Da Matera forte l’appello affinché non vada perduto questo dipinto di Levi, realizzato durante il confino ad Aliano. Ecco la richiesta

Per Pasquale Doria del gruppo politico “Matera Civica”:

“Da condividere e sostenere l’appello rivolto ai lucani da Ulderico Pesce sul destino di un dipinto che ci riguarda.

Le sue pennellate sono corpo, sguardo di un popolo diviso tra chi è partito e chi è rimasto.

Sono lingua viva e anima in grado di generare un nuovo senso dei luoghi.

Sono documento di una narrazione che vuole e può diventare patrimonio pubblico.

L’immagine pittorica restituita nell’intensa recitazione andata in scena nel chiostro di San Domenico, sede della Prefettura di Matera, è stata protagonista della rappresentazione teatrale intitolata ‘Luce del Sud’.

Si tratta di un olio su tela di grandi dimensioni che parla attraverso gli occhi di ‘Antonio, Peppino e il cane Barone’, titolo del ritratto realizzato il primo novembre del 1935 da Carlo Levi durante il periodo di confino ad Aliano.

Una testimonianza significativa che, dopo varie traversie, è giunta nella città dei Sassi, dove è attualmente a disposizione del mercato.

Prima che il dipinto prenda il largo, Matera Civica accoglie l’invito di Ulderico Pesce.

Il regista e attore lucano, a conclusione dello spettacolo, ha esplicitamente proposto l’acquisizione da parte di un ente pubblico dell’importante testimonianza presente anche nelle pagine di ‘Cristo si è fermato a Eboli’, scritto autobiografico di Carlo Levi su un’Italia sconosciuta, ridotta a luogo di confino della nazione.

E’ matura l’opportunità di coniugare parole e segni come adempimento di un compito culturale e politico.
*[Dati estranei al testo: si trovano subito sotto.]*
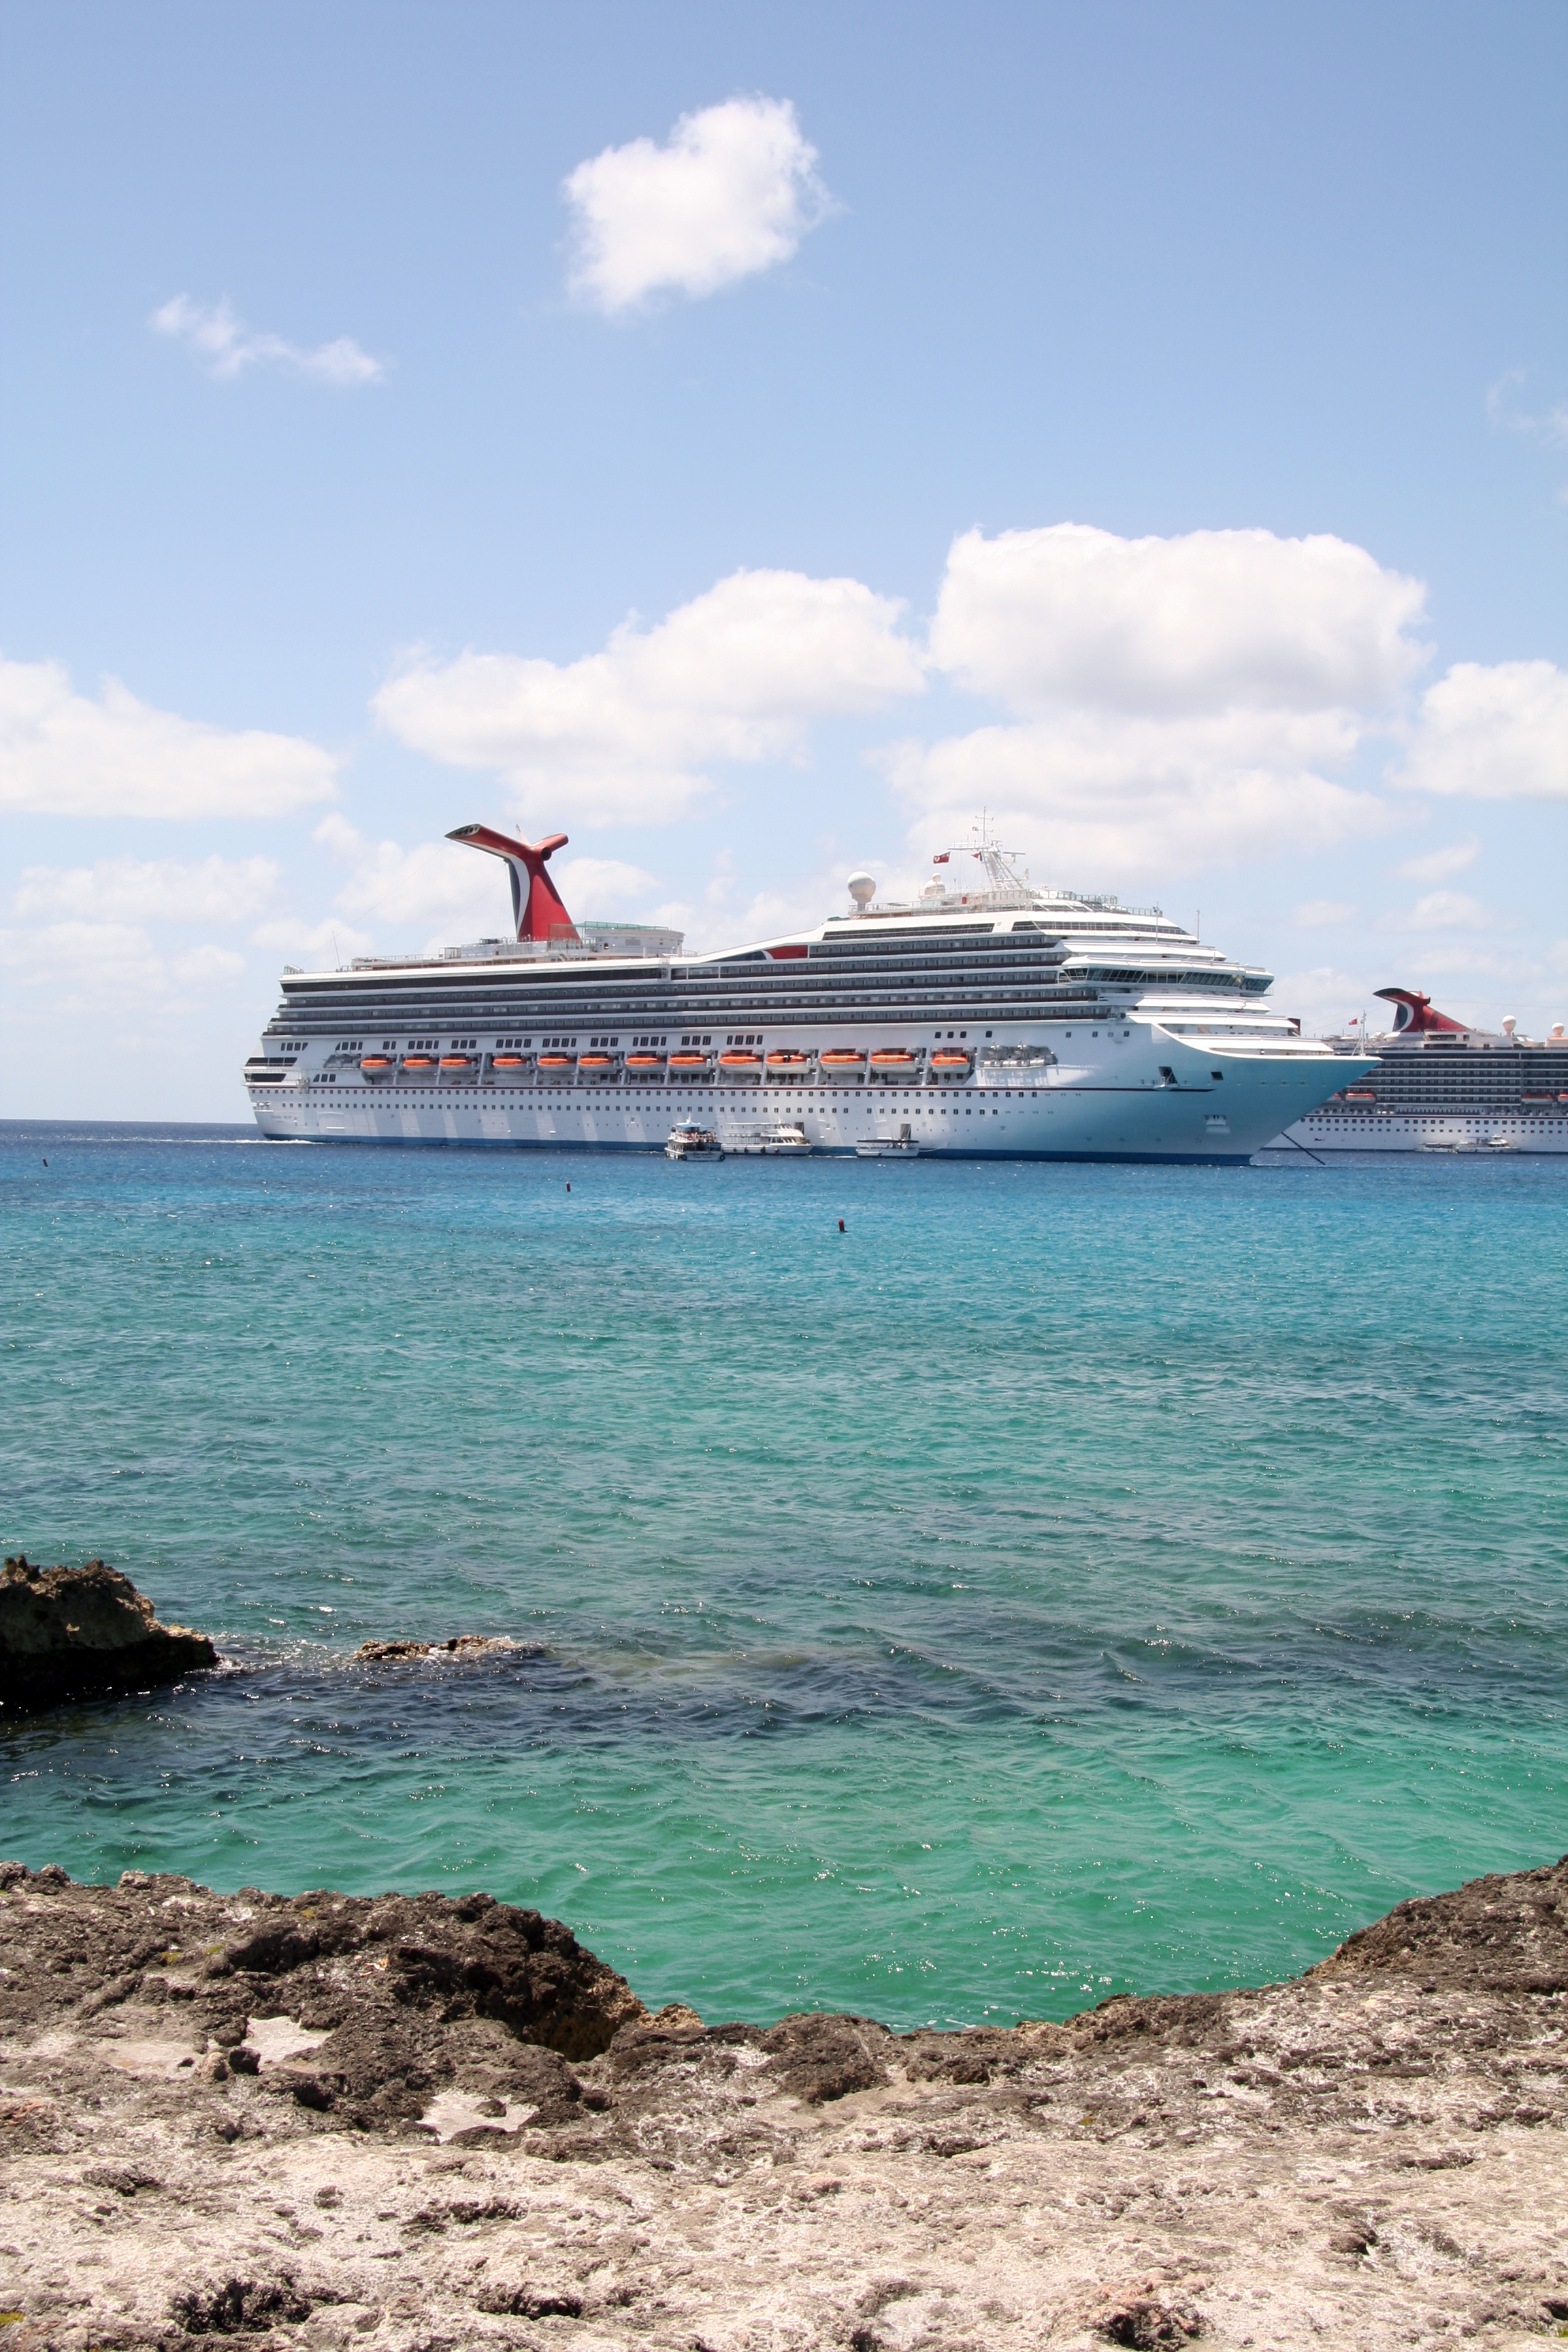 Couple Discovers Hidden Camera While On Carnival Cruise
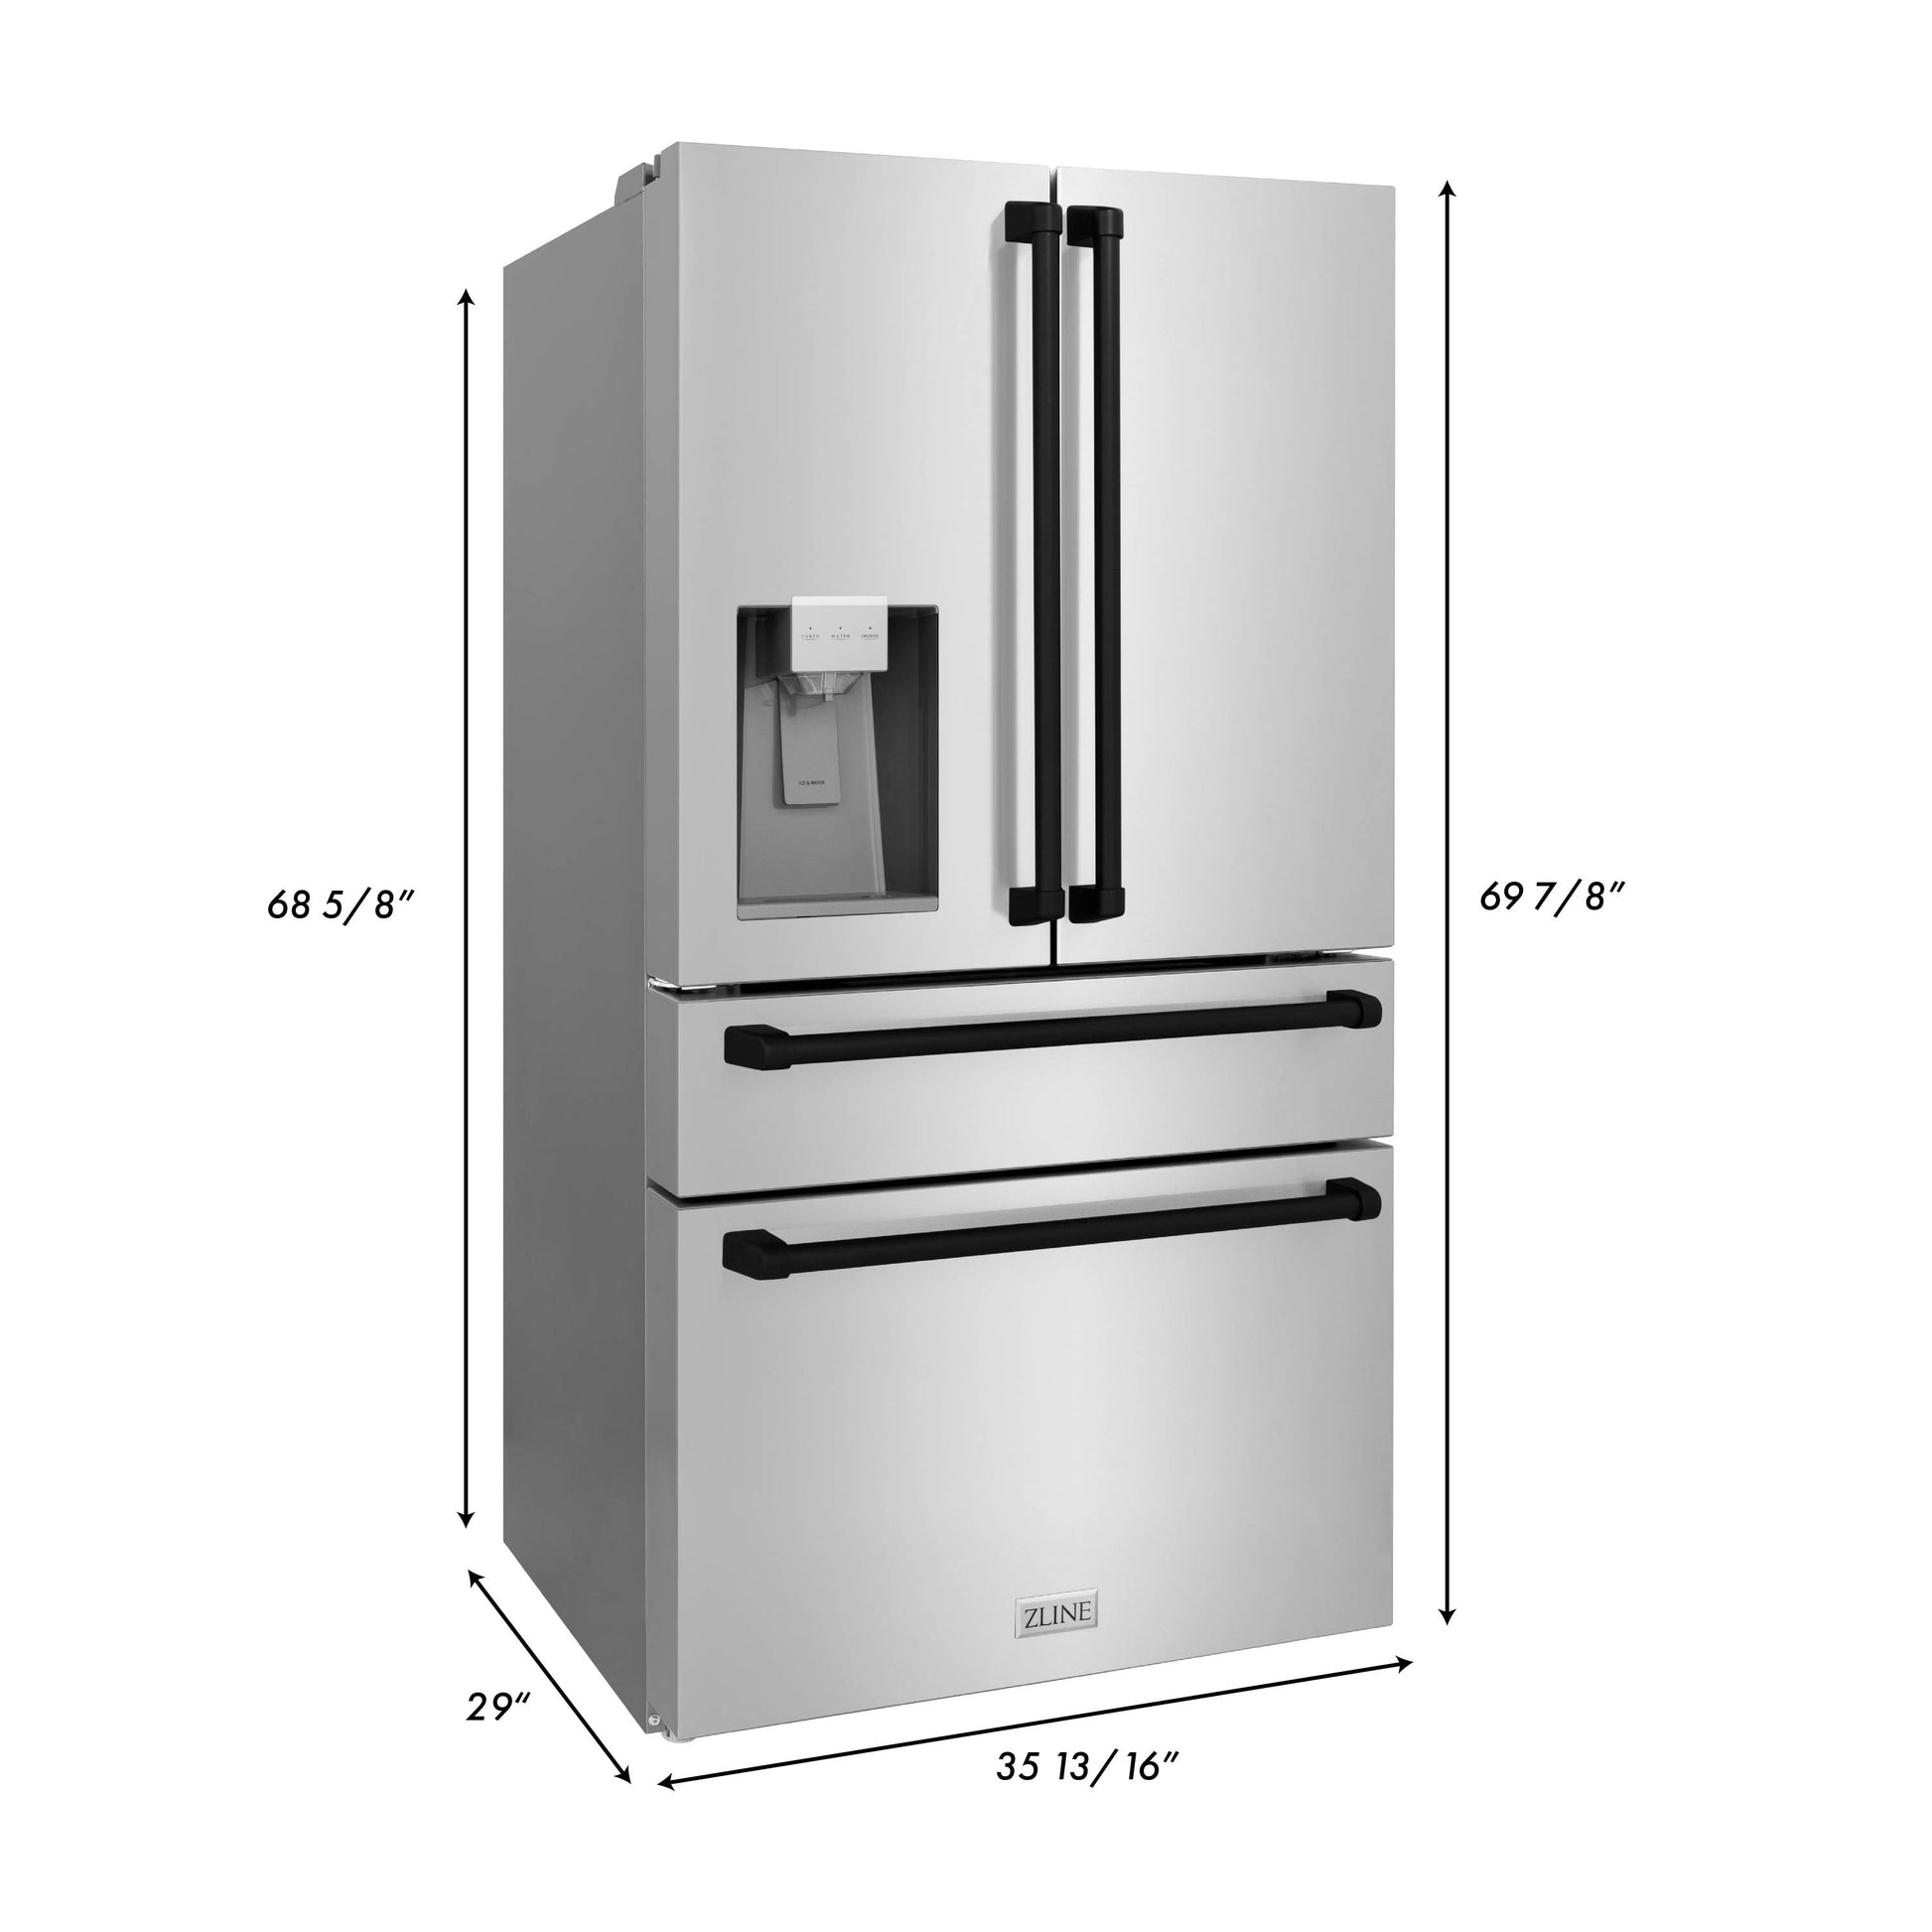 ZLINE Autograph Edition 36 in. 21.6 cu. ft Freestanding French Door Refrigerator with Water Dispenser in Stainless Steel with Matte Black Accents (RFMZ-W-36-MB) dimensional diagram with measurements.

Motivo dinamico per generare nuova storia anche attraverso le vie dell’arte.

Occasione per farsi testimonianza e ritrovata coscienza civile di una comunità, soprattutto come quella lucana, ancora una volta messa alla prova dalla pressione di impegnative vicissitudini sociali e umane, a partire dal drammatico spopolamento dei suoi territori.

Inequivocabile la risposta all’appello da parte del numeroso e qualificato pubblico presente in Prefettura, segno di un esplicito anelito, di una tensione che guarda avanti e oltre ogni tentazione nostalgica: che si facciano più salde e durature le radici democratiche e di garanzia di pace e collaborazione tra i popoli, non cancellando, ma mantenendo vive le loro millenarie vicende.

Nelle parole registrate da Uldercio Pesce, attraverso la restituzione teatrale della voce di Antonio e Peppino, torna l’oscillazione di chi parte e di chi resta, antichissimi poli dell’umanità corrispondenti al diritto di chi emigra come a quello di chi rimane.

Evidenti le dignitose intenzioni di chi intende rimanere.

Vorremmo farlo con la volontà di dare un nuovo senso ai luoghi delle origini e di noi stessi, anche attraverso la consegna a futura memoria di un significativo tassello di una storia che ci appartiene.

Per il ruolo territoriale che le compete, in tal senso, significativo risulterebbe un preciso impegno da parte dell’Amministrazione provinciale: si faccia interprete di questa condivisibile istanza”.